Garrett Way, Nick Brown and Chris Ferroni, all of Cascade, may be “typical Idaho boys” in some ways, but their summer of 2015 was been anything but routine. As participants in the Workforce Investment Act Youth Work Experience Program, the three worked on a variety of projects with the Cascade Ranger District of the Boise National Forest.
They spent time in highly traveled recreation areas and worked in remote, pristine vicinities. It’s been a combination of physical labor, forestry chores and eye-opening educational experiences, all of which have contributed to improvements in the Cascade Ranger District and to the experiences that visitors will enjoy.
The experiences help to build the futures of the three young men by developing strong work habits and learning new skills. Projects have included building and painting picnic tables, placing screens on 48 bathroom vents, working with wildlife biologists, repairing water-damaged roads and potholes, interacting with the public, posting signs, building and clearing trails, removing trees using axes and bow saws, landscaping, ditching, repairing boat ramps and much more. The overall experience has been enhanced with the day-to-day leadership of crew supervisor Eric Fieldstad and his commitment to learning and quality work.

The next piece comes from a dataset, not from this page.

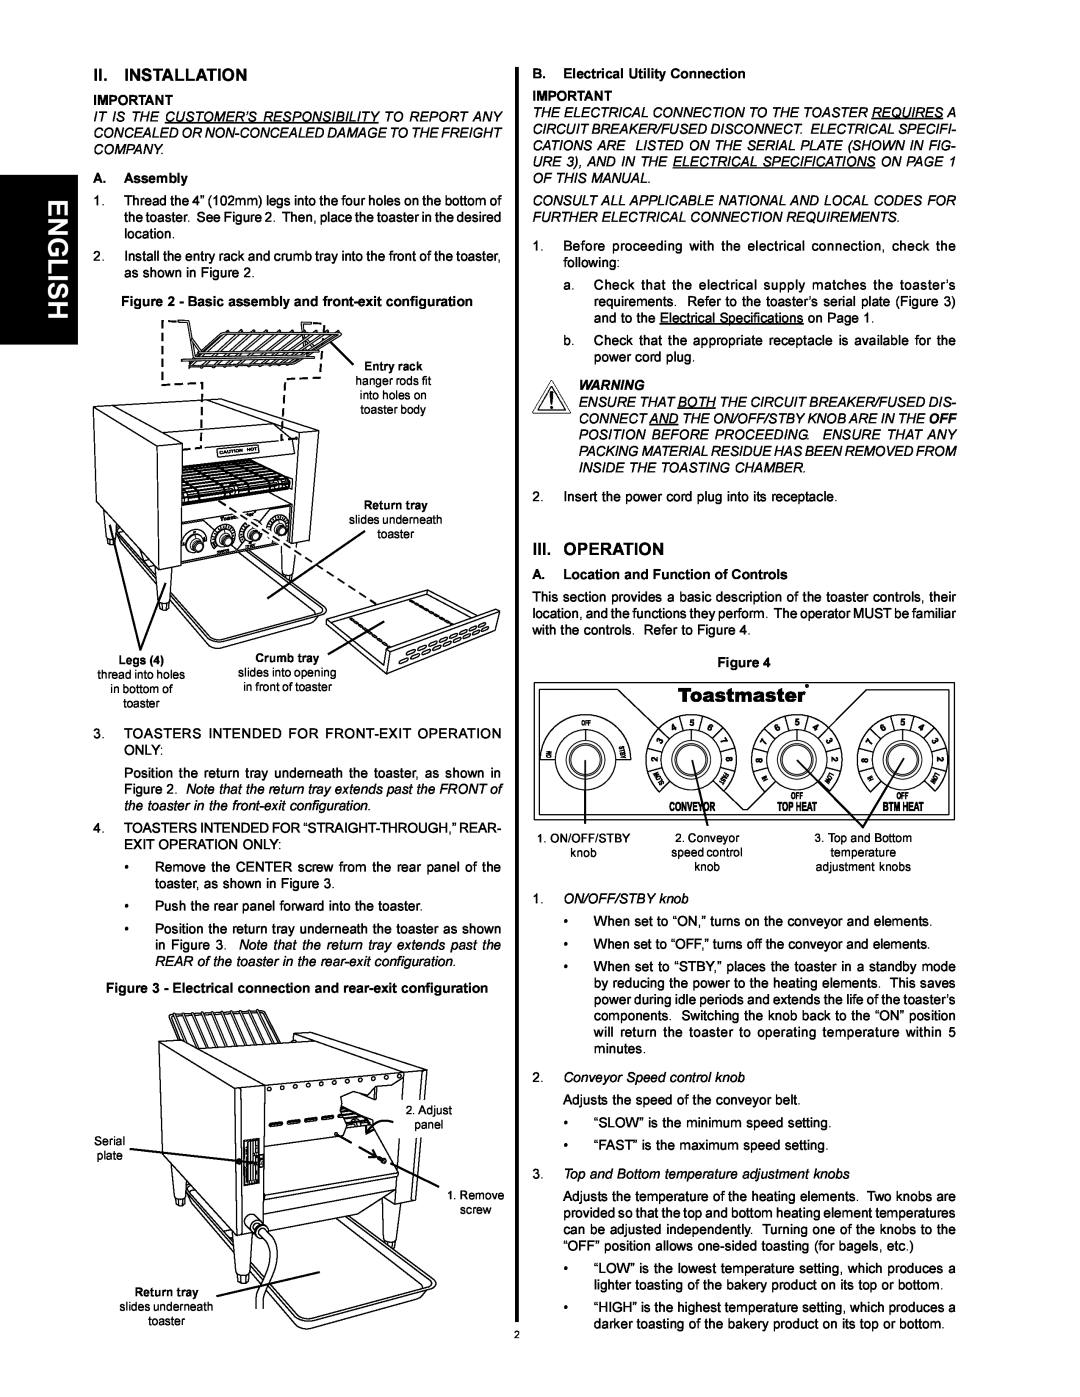 Toastmaster TC17A, TC21A installation manual Ii. Installation, Iii. Operation, A.Assembly, B.Electrical Utility Connection

The crew has done such an awesome job that the ranger district kept the youth working longer than initially anticipated. The young men worked with hydrologists and fisheries biologists, and they were exposed to and learning core sampling in rivers, identification of fish species and understanding the ecosystem.
Way and Brown returned to classes at Cascade High School, but they will likely continue working a few more weekends to help tie up projects.
Ferroni is the program’s only out-of-school participant, and he will soon move into an internship that will extend his experience into November.
“This has been an awesome summer and a great experience for me,” Ferroni said. “I’ve met tons of new and interesting people, and I’ve been able to see a lot of what the Forest Service does.”
He has a career interest in the Forest Service, and this experience should provide a valuable foundation for him to compete for future job openings.
“I definitely hope to get into a regular Forest Service job next season,” Ferroni said. “This has been a really good program and I know it will help me no matter what career I eventually get in to.”
Idaho Department of Labor workforce consultants Pat Rowland and Joel Castle said the Cascade Ranger District and the Labor Department have collaborated for the success of this program. The Forest Service paid wages for the crew supervisor and supplied the necessary safety equipment and transportation to the worksites. With funding from the federal Workforce Investment Act (WIA), the Department of Labor supplied the required work boots, pants and socks, as well as the work experience wages.
“Everyone can see they had a great learning experience, kept very busy and the work experience program funding was very well spent,” Rowland said.